It is after midnight and once again my baby girl (10) is crying. She hasn't seen him since Christmas day. He hasn't called. She has sent texts and left voicemail messages.
I do what I can to facilitate access. We put our lives on hold when he calls. So today he rings and asks me to take them over at 9 tomorrow morning (half hour each way) for an hour or so, just so it doesn't take up his day. I don't tell them he has later plans, I just broach that he's called and asked them over for 9am for an hour or so. DD(15) is used to it now and says 'whatever'. DD(10) doesn't want to go. I won't force her. She may change her mind in the morning. I try to bolster them and we drop our plans whenever he calls. Until now they have always wanted to go.

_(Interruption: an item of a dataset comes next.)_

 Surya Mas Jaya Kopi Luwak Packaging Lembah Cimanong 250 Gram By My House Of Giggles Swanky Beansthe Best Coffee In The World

It is almost 1am and she is still crying because she doesn't know what to do. I'm not even going to type what I think of him or feel about him right now...actually yes, yes I am. I wish he would just go away. For. Ever. He saw them 5 times last year including Christmas Day when he turned up unexpectedly when we had a houseful of guests. He only lives 15 mins away.

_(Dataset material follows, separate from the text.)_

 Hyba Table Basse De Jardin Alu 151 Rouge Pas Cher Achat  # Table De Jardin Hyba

He asked me today if our phone was working properly because he'd been trying to call. Yes. Yes it has been working perfectly well all along.
I am so sad and angry for them.
The moment they say that they have had enough I will delete his number from my phone and never think of him again. For now, I just support them in this half-parent experience while seething silently and wishing him ill every Tuesday when he doesn't call as planned.